Malignant Pleural Effusion Guidelines

The key recommendations from the British Thoracic Society for the management of malignant pleural effusion include the following [21] :

  • If the patient is asymptomatic with a known tumor type, observation is recommended (level C).
  • Pleural effusion treated with aspiration is not recommended if life expectancy is greater than a month because of high rate of recurrence (level A).
  • Other than in patients with a very short life expectancy, small-bore chest tubes followed by pleurodesis are preferred to recurrent aspiration.
  • Intercostal drainage should be followed by pleurodesis to prevent recurrence unless the lung is significantly trapped (level A).
  • Small-bore (10-14F) intercostal catheters should be the initial choice for effusion drainage and pleurodesis (level A).
  • Large pleural effusions should be drained in a controlled fashion to reduce the risk of reexpansion pulmonary edema (level C).
  • Once effusion drainage and lung reexpansion have been radiographically confirmed, pleurodesis should not be delayed (level B).
  • Lidocaine (3 mg/kg; not to exceed 250 mg) should be administered intrapleurally just prior to sclerosant administration (level B).
  • Premedication should be considered to alleviate anxiety and pain associated with pleurodesis (level C).
  • Talc is the most effective sclerosant available for pleurodesis (level A).
  • Talc pleurodesis is equally effective when administered as a slurry or by insufflation (level B).
  • Bleomycin is an alternative sclerosant with a modest efficacy rate (level B).
  • Patient rotation is not necessary after intrapleural instillation of sclerosant (level A).
  • In patients with good performance status, thoracoscopy is recommended for diagnosis of suspected malignant pleural effusion and for drainage and pleurodesis of a known malignant pleural effusion (level B).
  • Thoracoscopic talc poudrage should be considered for the control of recurrent malignant pleural effusion (level B).
  • Ambulatory indwelling pleural catheters are effective in controlling recurrent and symptomatic malignant effusions in selected patents (level B).
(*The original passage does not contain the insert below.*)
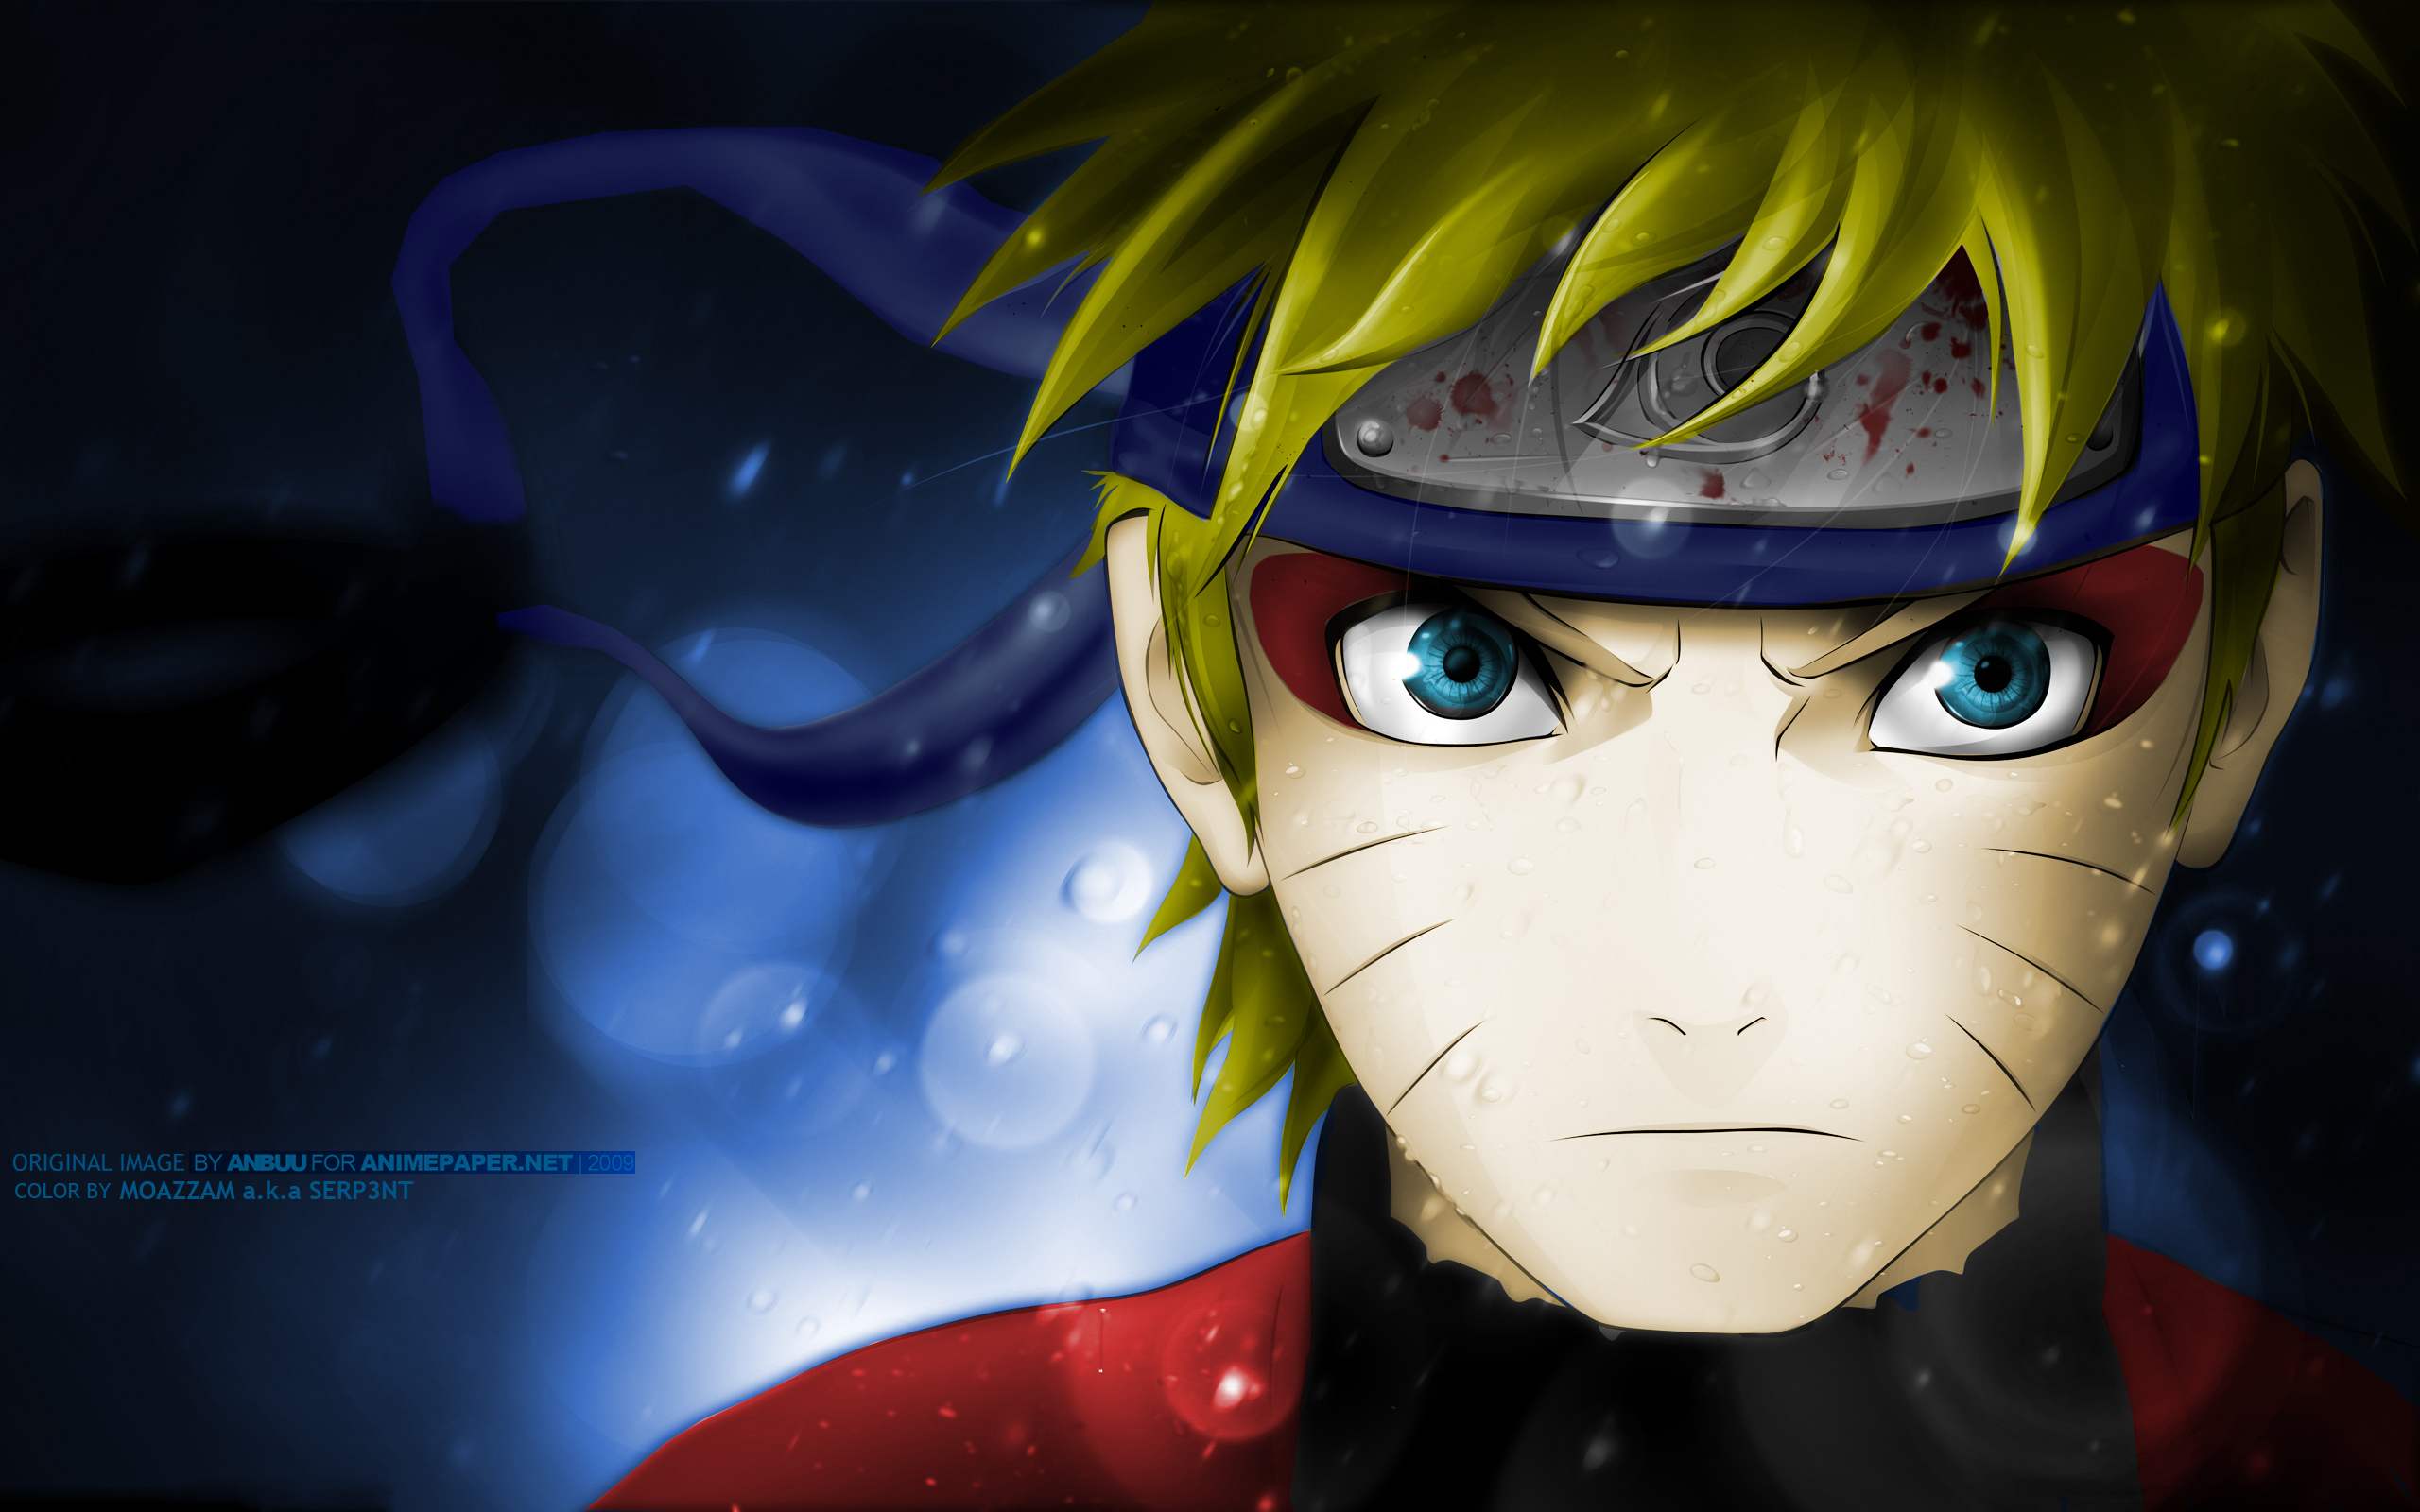 Naruto Shippuden Pictures And Wallpapers - Wallpaper Cave
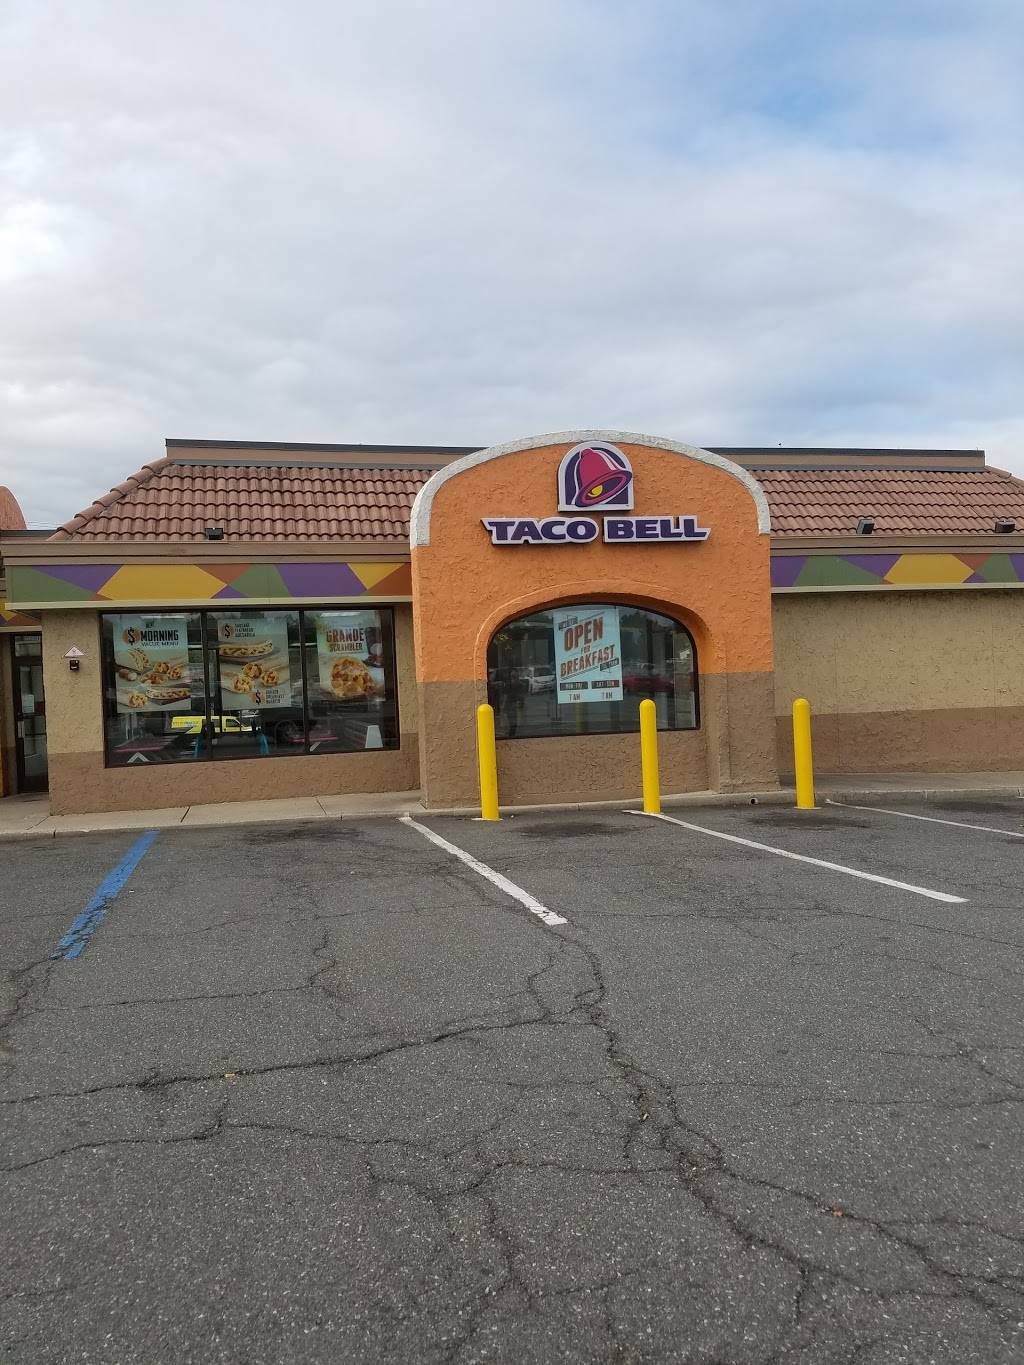 Taco Bell | meal takeaway | 366 Convery Blvd, Perth Amboy, NJ 08861, USA | 7328261774 OR +1 732-826-1774

American College of Chest Physicians guideline recommendations for the treatment of malignant pleural effusions include the following [66] :

  • In patients with a symptomatic recurrent malignant pleural effusion with a re-expandable lung, tunneled pleural catheter (TPC) or chemical pleurodesis (grade 1C) is recommended. Serial thoracentesis can be considered in patients with a limited life expectancy.
  • In patients with a symptomatic recurrent malignant pleural effusion with lung trapping, TCP for symptomatic relief and improvement in quality of life (grade 1C) is recommended.
  • In patients with a suspected malignant pleural effusion in whom the diagnosis of stage IV disease is not confirmed, thoracoscopy instead of a TPC is recommended, owing to its diagnostic as well as therapeutic benefit (grade 1C).
  • Graded talc is the pleural sclerosant of choice, owing to its efficacy and safety profile (grade 1C).
  • Thoracoscopy with talc poudrage is recommended instead of talc slurry through a bedside chest tube for pleurodesis (if there are no contraindications to thoracoscopy) (grade 1C).